The book, "Kushner Inc.," written by journalist Vicky Ward, said the first daughter's comments were made during a conversation with Gary Cohn, the administration's then-top economic adviser who was on the brink of resigning in the days following the President's response to the tragedy in Charlottesville, according to the Times.

The book, the Times reported, said that in his meeting with Ivanka Trump, Cohn was "shocked" by her reaction to his concerns and that she told him of her father's comments, "That's not what he said."

Cohn eventually left the White House in March 2018 in the wake of a battle with the President over steel and aluminum tariffs.

The book, which is slated to be released next week, focuses on the President's daughter and son-in-law and senior adviser Jared Kushner. According to the Times, it "seeks to tell the behind-the-scenes story" of the couple's "rise to extraordinary power in the White House."

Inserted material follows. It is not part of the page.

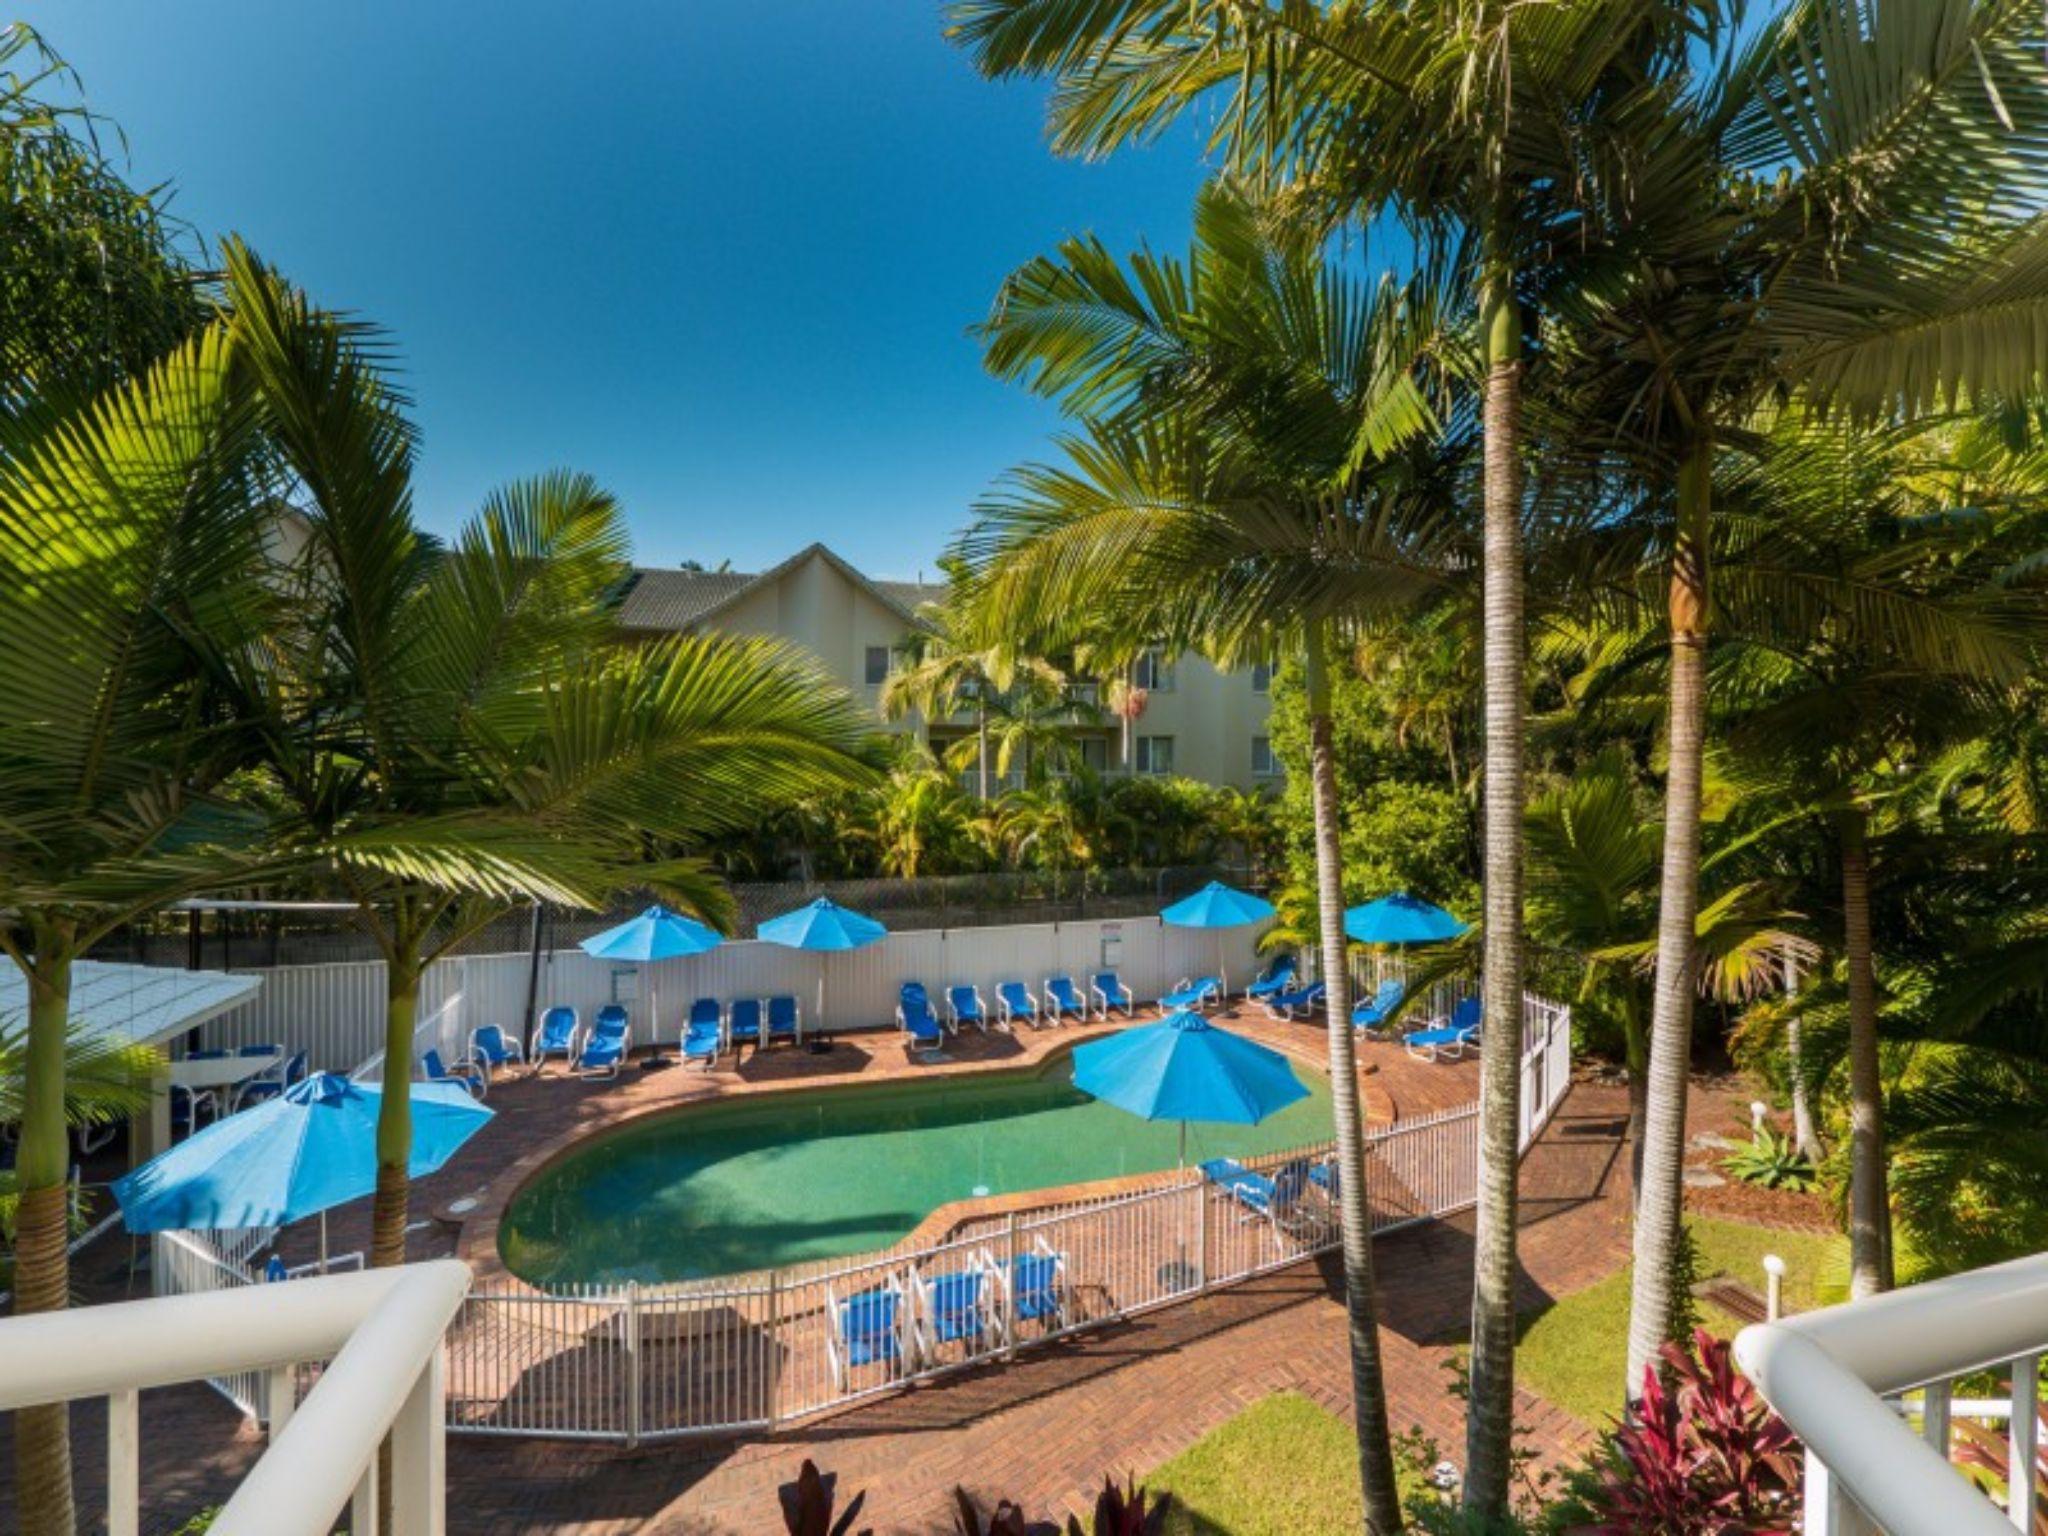 Surfers Tropique Holiday Apartments

The paper reported that in writing the book, Ward spent two years interviewing 200 people, many of whom were granted anonymity.

In a statement to the Times, Peter Mirijanian, a spokesman for Abbe Lowell, Kushner's lawyer, denied the book's claims, which paint the couple as the President's "chief enablers," according to the paper.

"Every point that Ms. Ward mentioned in what she called her 'fact checking' stage was entirely false," Mirijanian said. "It seems she has written a book of fiction rather than any serious attempt to get the facts. Correcting everything wrong would take too long and be pointless."

According to the report, the book said the couple sought to "control who could travel on trips funded by the State Department" and that Ivanka Trump frequently requested access to Air Force planes "when it was not appropriate." When Rex Tillerson, the former secretary of state, denied her requests, Ivanka Trump and her husband would bring along a Cabinet secretary -- such as Treasury Secretary Steven Mnuchin -- in order to use the plane, according to the Times.

The book also said the President has wanted the couple to leave their posts at the White House and sought help to push them out from his former chief of staff John Kelly, whom he told, "Get rid of my kids; get them back to New York," according to the Times.

Instead of firing Trump's daughter and son-in-law, the book, according to the Times, said Kelly and the President "agreed that they would make life difficult enough to force the pair to offer their resignations, which the president would then accept."